Spending Versus Saving
There is nothing wrong with either. Some kids are spenders, and some save their money. You should teach your kids how to do both. There is a difference between being a mindful spender and an out-of-control spender. You need to show your child how to spend mindfully. Did you know that you can spend and save money at the same time? Teach your child how to do that by picking thrift shopping over expensive shopping. You can find a lot of great deals and great items at a thrift store. You just need to know where to look.
Your child should learn about bank rates as soon as possible. Teach them to shop around and compare the deals. A 5% deal differs from a 3.5% deal. Teach them the difference between an APR and an APY, and the different factors that influence them. What they learn about banking rates before they move out is going to influence things like their first car or their first home.
You never take the first deal they offer.

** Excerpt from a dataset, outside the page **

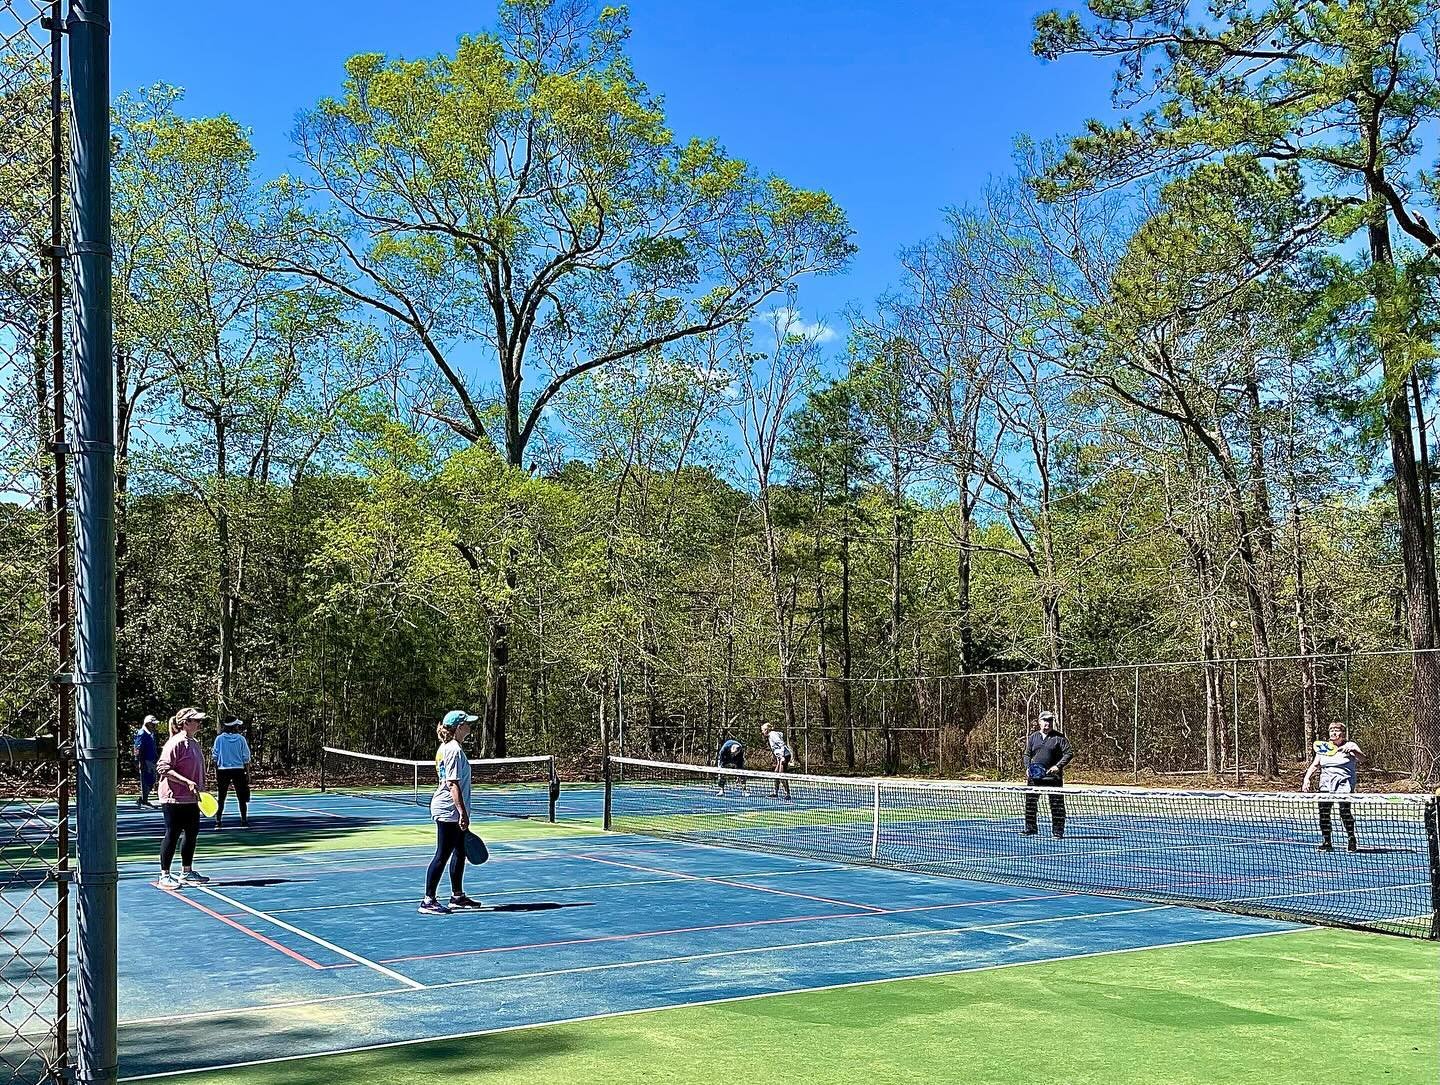 Pickleball success! We had a great time at the social yesterday - great food, music, and company! Despite a little pollen on the courts, we had some exciting round robin play. It was a good opportunity to meet new people, and there were even a few fi

The trick is to spend less than you earn. What works for you might not work for them. Encourage your kids to budget their money. A good rule of thumb is to pay the bills first. Whatever “fun money” is left over they can spend if they like. They can also put some of that “fun money” into savings for a rainy day. There is nothing wrong with spending as long as you do it wisely.

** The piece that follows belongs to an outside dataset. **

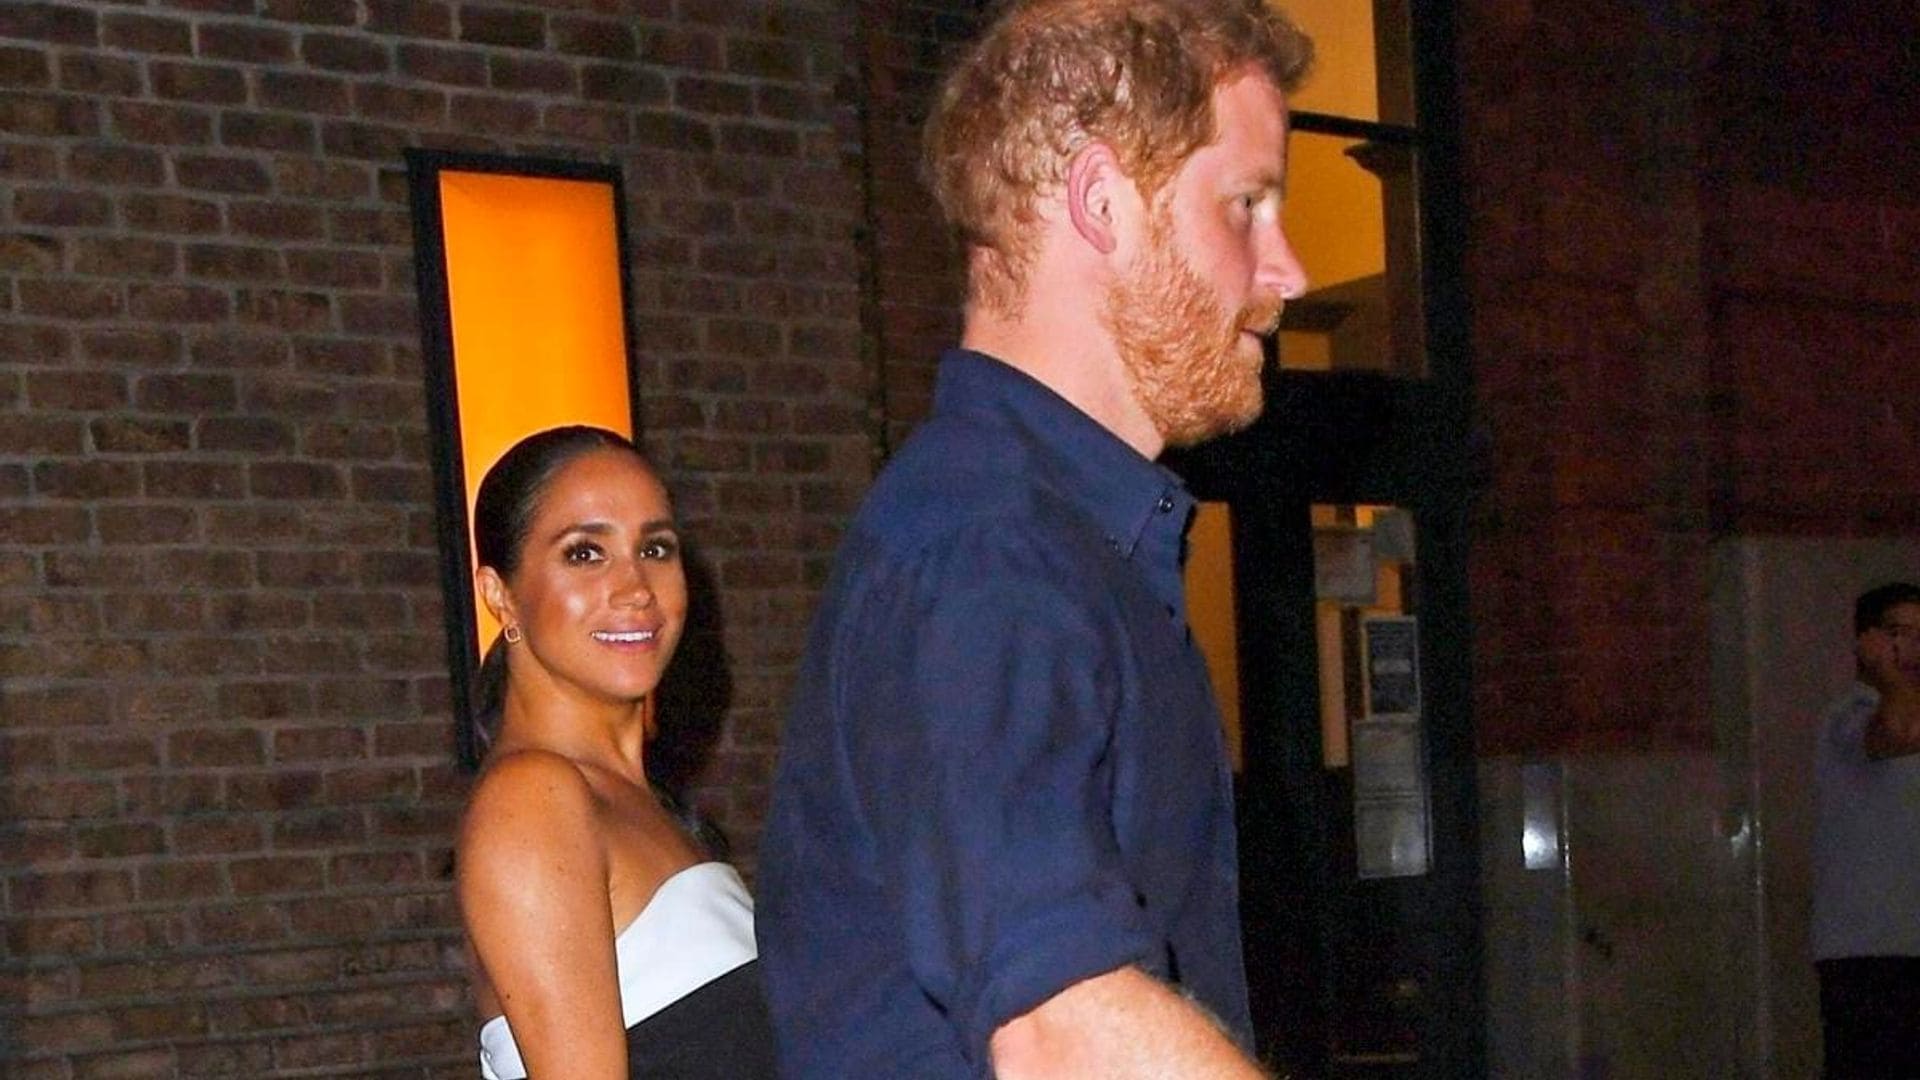 Meghan Markle wears chic jumpsuit for date night in NYC

They are going to learn about credit cards anyway. It is better if it comes from you. Teach them how credit cards work. Teach them the advantages and disadvantages of having them. It is okay if your kids keep one around for emergencies, but you need to teach them about what constitutes an “emergency.”
Debt can include but is not limited to things like student loans, car loans, house loans, credit cards, or personal loans. However, there are ways to avoid debt. Educate your kids on how to fix the problem. That way they will know what to do if something like that happens.
Net Income Versus Gross Income
Gross income is what you make before taxes. Net income is what you make after taxes. Your kids need to understand how each one works. That way they will not spend more than what they have.
Your net worth indicates what your true value is.